• _Material for this exercise_
[Start of Attachment]

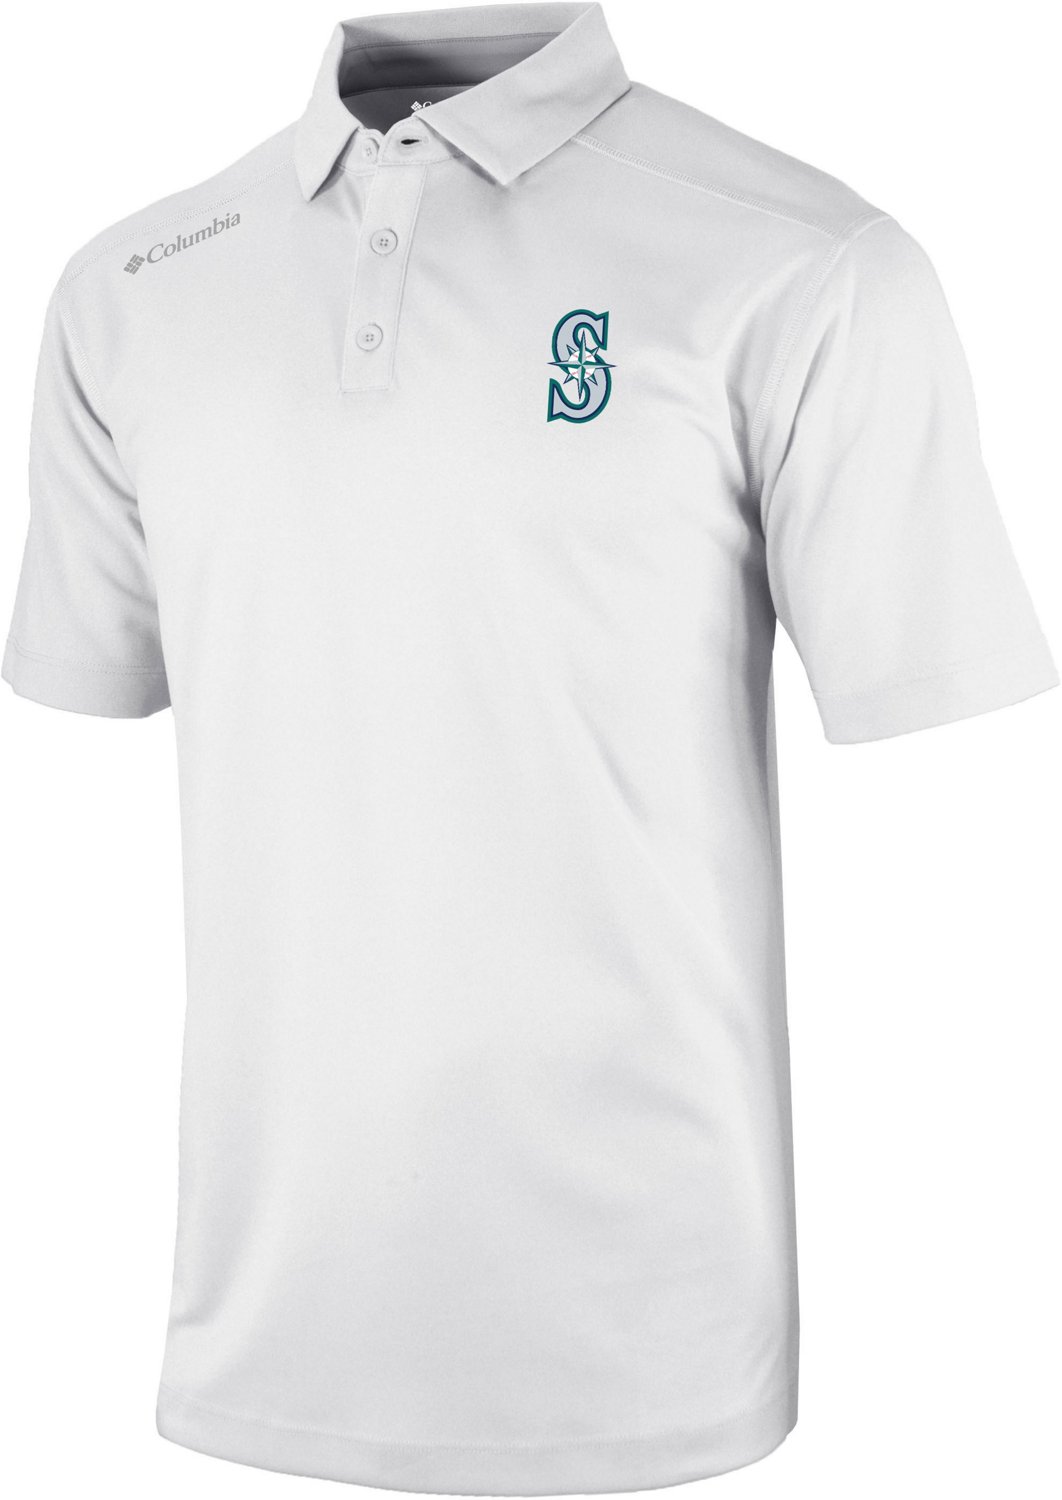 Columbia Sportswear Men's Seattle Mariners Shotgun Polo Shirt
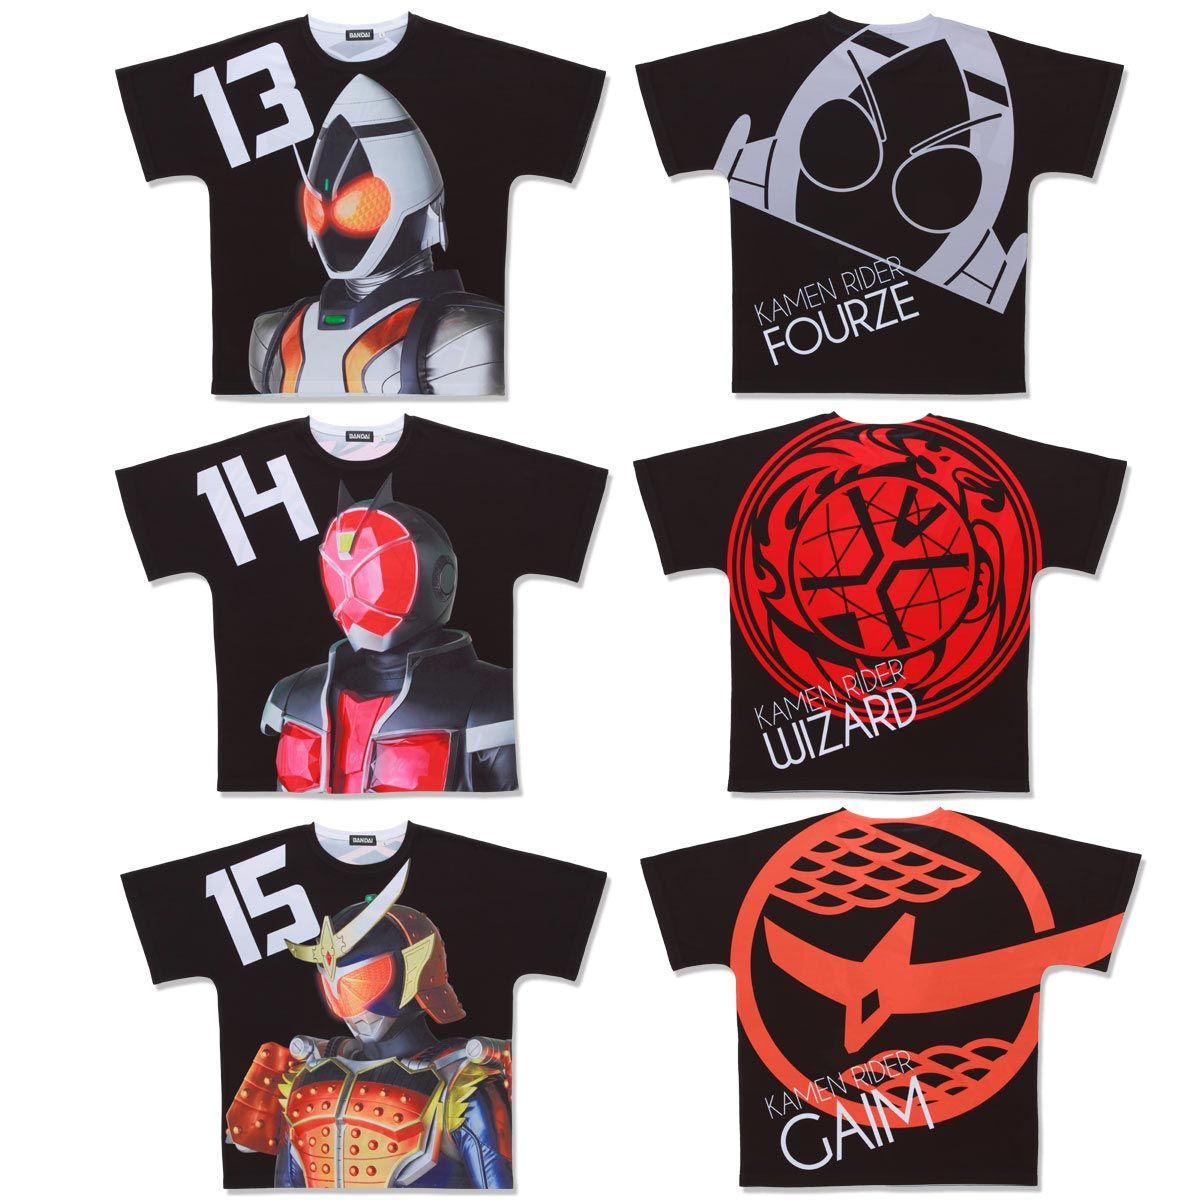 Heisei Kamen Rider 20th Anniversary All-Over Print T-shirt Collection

[End of Attachment]
[Start of Attachment]

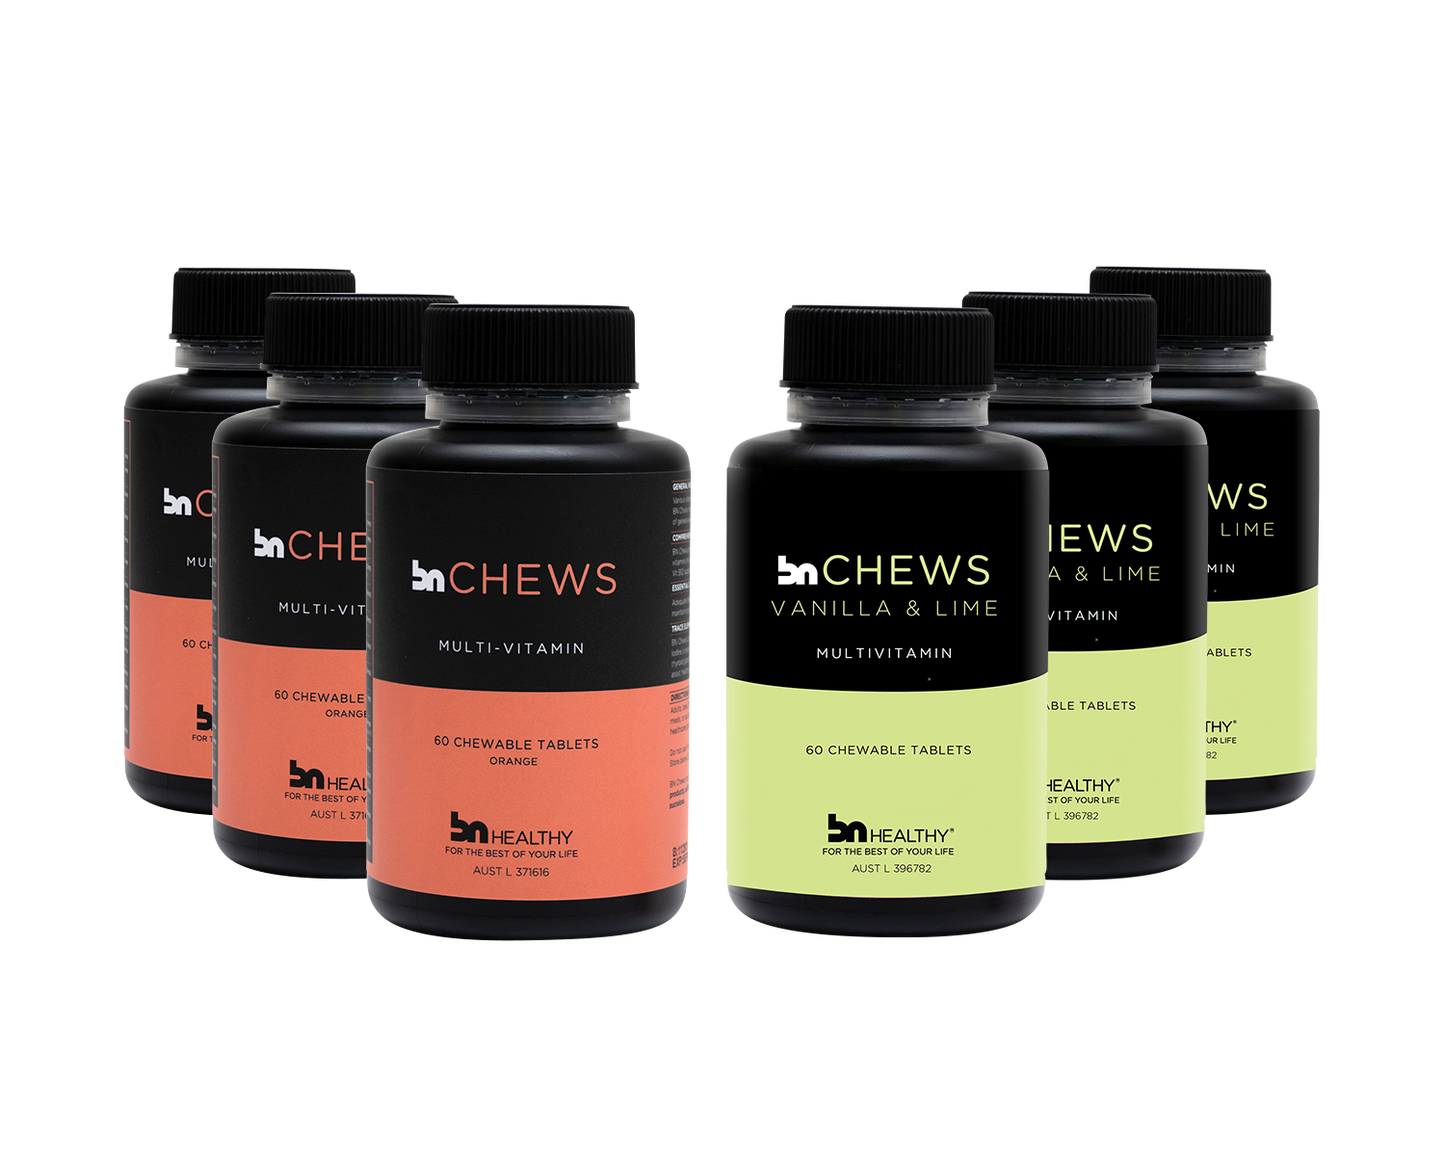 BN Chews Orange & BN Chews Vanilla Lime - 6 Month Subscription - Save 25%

[End of Attachment]

• _To do_
Within these entries, output exactly the lines starting at the one with "Columbia Sportswear Men's" and finishing at the one with "Heisei Kamen Rider". Leave pictures out of the output.

• _Result for this exercise_
 Columbia Sportswear Men's Seattle Mariners Shotgun Polo Shirt
 Heisei Kamen Rider 20th Anniversary All-Over Print T-shirt Collection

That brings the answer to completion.